Snippet 2 — Binary Classification Architecture

model = tf.keras.models.Sequential([
    # Input layer automatically handles the 30 features from the dataset
    tf.keras.layers.Dense(32, activation='relu', input_shape=(X_train_scaled.shape[1],)),
    tf.keras.layers.Dense(16, activation='relu'),
    # Output layer for binary classification must have 1 neuron
    tf.keras.layers.Dense(1, activation='sigmoid')
])

model.compile(optimizer='adam', loss='binary_crossentropy', metrics=['accuracy'])

The network compresses the 30 clinical features down to 32 neurons, then to 16, and finally to 1. The sigmoid activation on the final neuron guarantees the output will be squashed strictly between 0 and 1, allowing it to be interpreted as the probability of the tumor being benign.

Snippet 3 — Generating the Confusion Matrix

# 1. Get continuous probability predictions [e.g., 0.12, 0.89, 0.45]
y_pred_prob = model.predict(X_test_scaled)

# 2. Threshold probabilities at 0.5 to get crisp binary classes [e.g., 0, 1, 0]
y_pred = (y_pred_prob > 0.5).astype(int)

# 3. Compute array of True Positives, False Positives, etc.
cm = confusion_matrix(y_test, y_pred)

Neural networks output floats. To compare the network's predictions against the true labels (which are crisp 0s and 1s), we must apply a threshold boundary. Values above 0.5 are classified as 1 (Benign), and values below 0.5 are classified as 0 (Malignant).

Expected Output

Training Logs: Text output showing the model training over 50 epochs. You will see the loss steadily dropping towards 0.05 and the accuracy climbing towards 98%.

Test Accuracy: A printed line displaying the model's accuracy on the unseen test dataset. Given the relatively clean nature of the Breast Cancer dataset and the use of scaling, this test accuracy typically exceeds 96% to 98%.

Confusion Matrix Heatmap: A colorful 2x2 grid generated by Seaborn. The top-left (True Malignant) and bottom-right (True Benign) squares will display high numbers, indicating correct predictions. The top-right and bottom-left squares (the errors) will contain numbers very close to zero, reflecting the model's high accuracy.

Viva Questions & Answers

Q1. Why is the output layer of a binary classification ANN a single neuron with a Sigmoid activation?
The sigmoid mathematical function uniquely maps any real-valued input (from negative infinity to positive infinity) strictly to a range between 0 and 1. This allows the single output to be directly interpreted as a probability (e.g., 0.85 = 85% chance of being class 1).
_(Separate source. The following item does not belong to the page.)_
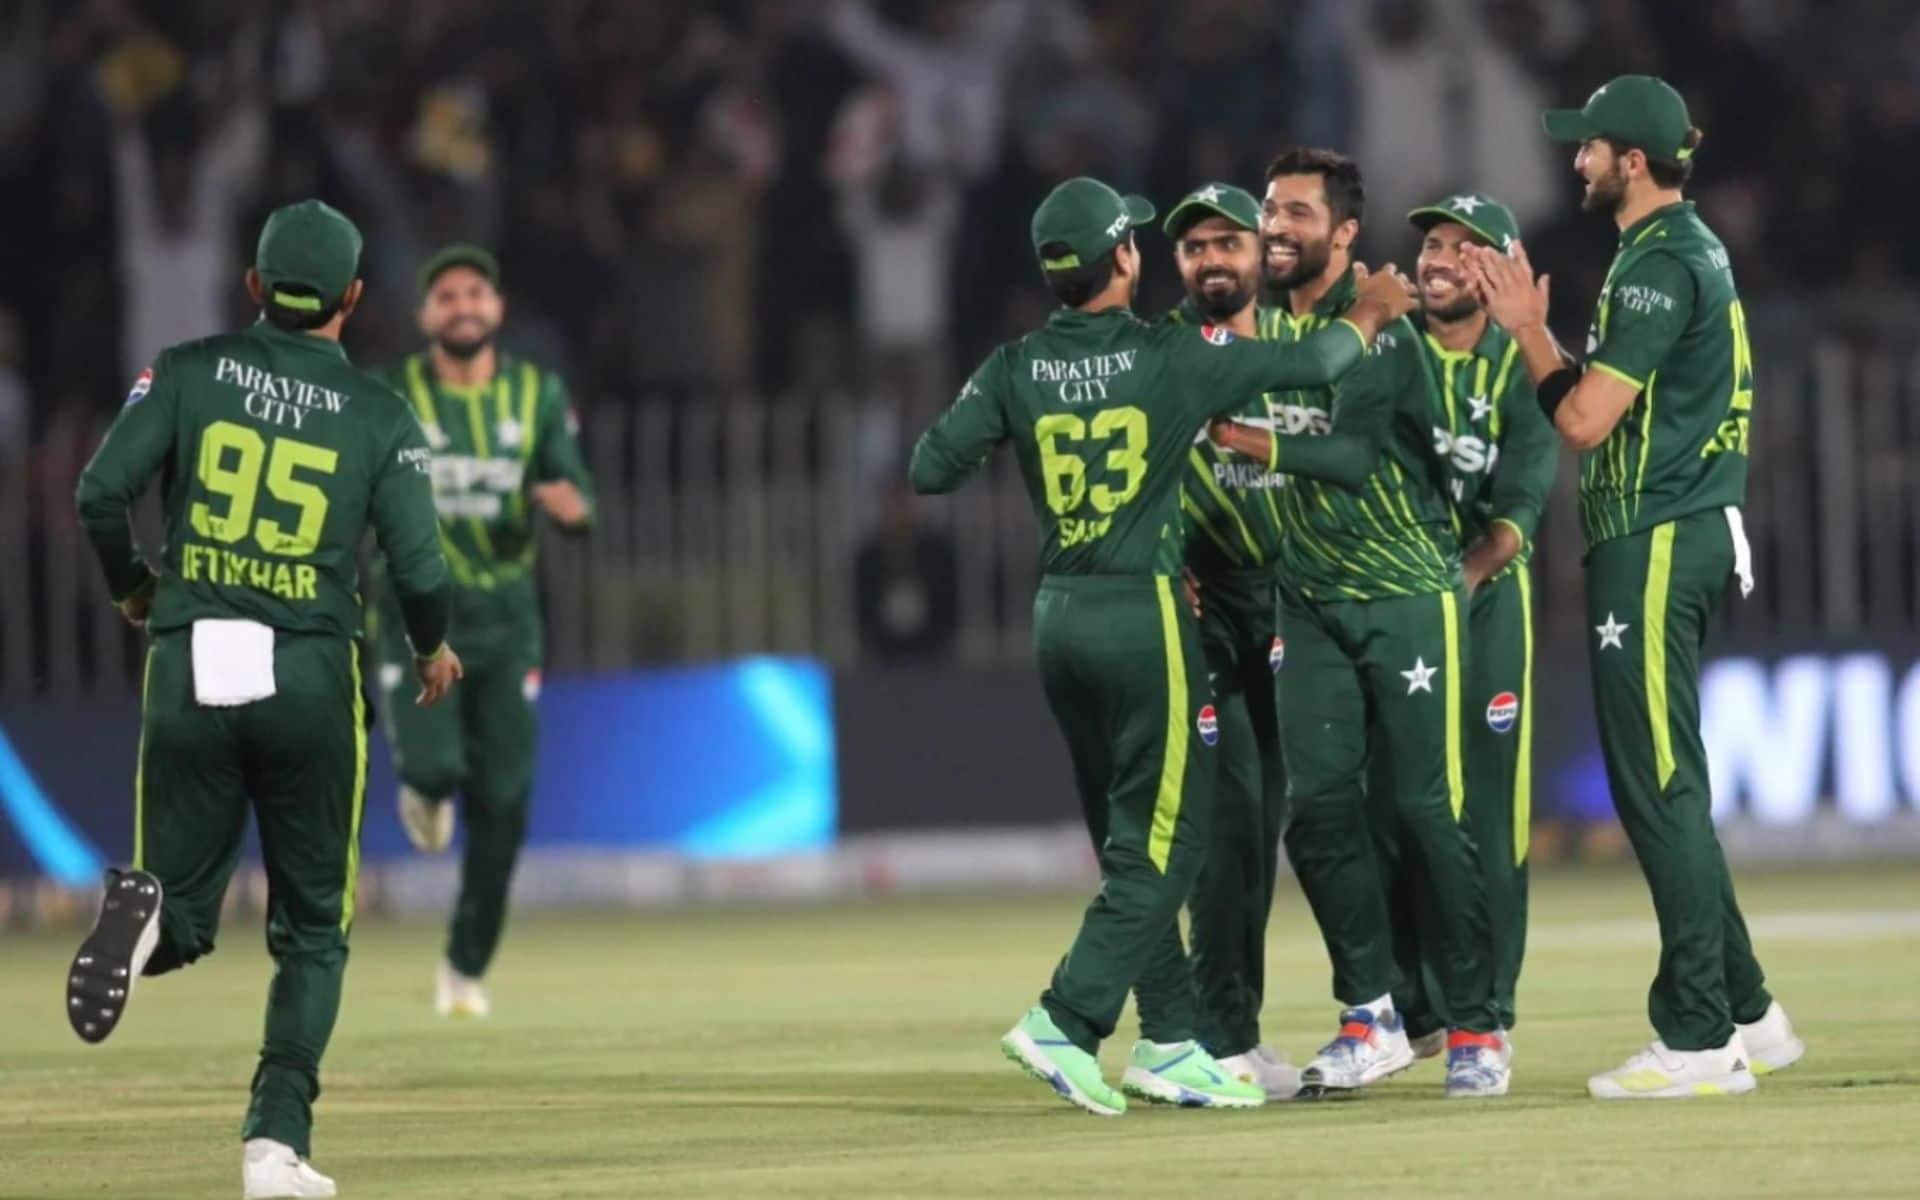 Pakistan recently faced New Zealand at home (PCB)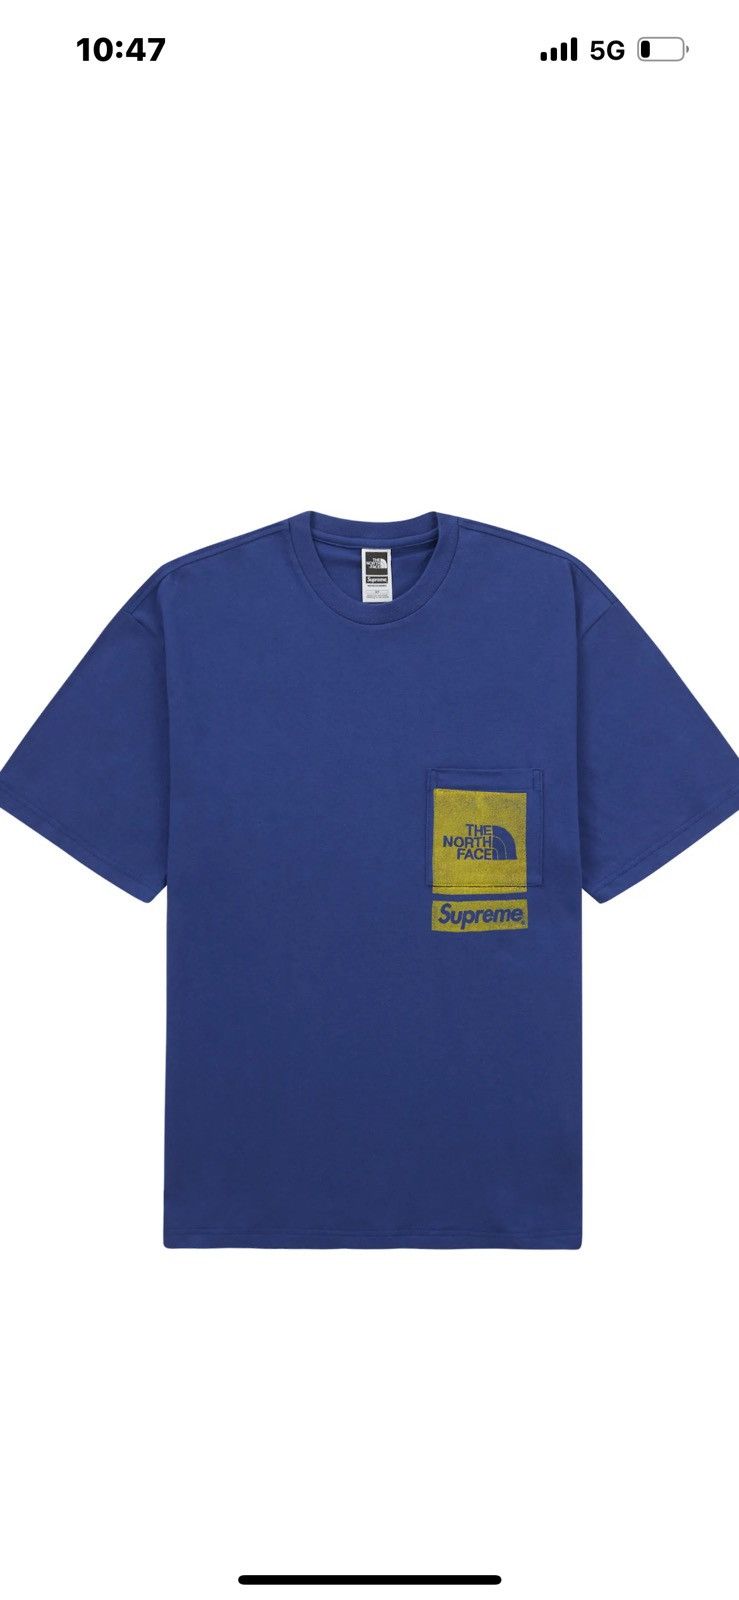 Supreme Supreme x The North Face printed Pocket Tee Navy | Grailed

A threshold is then used to convert this probability into a definitive binary choice.
Q2. Why do we use StandardScaler, and why is it only 'fit' on the training data?
StandardScaler normalizes features to have a mean of 0 and standard deviation of 1, ensuring features with large numerical ranges don't overwhelm the neural network. We only `fit` it on the training data to calculate the mean/variance. If we fit it on the test data as well, we would be injecting statistical information about the test set into the training process, causing an error known as "Data Leakage."
Q3. What is binary cross-entropy loss?
Binary cross-entropy is a loss function specifically designed for 2-class problems. It heavily penalizes the model when it makes a confident prediction that is entirely wrong (for instance, predicting a 99% probability for Class 1 when the true label is 0). This exponential penalty helps the optimizer adjust the network's weights quickly.
Q4. What exactly does the Confusion Matrix show?
A confusion matrix is a 2x2 table that breaks down the raw accuracy metric. It displays the counts of True Positives (correctly identified class 1), True Negatives (correctly identified class 0), False Positives (predicting 1 when it's actually 0), and False Negatives (predicting 0 when it's actually 1). It helps determine if a model is biased towards a specific class.
Q5. Why use ReLU activation in the hidden layers instead of Sigmoid?
The ReLU (Rectified Linear Unit) function simply outputs the input if it's positive, and outputs 0 if it's negative. Unlike Sigmoid, ReLU does not suffer from the "vanishing gradient problem," allowing the neural network to learn much faster and more effectively during the backpropagation process.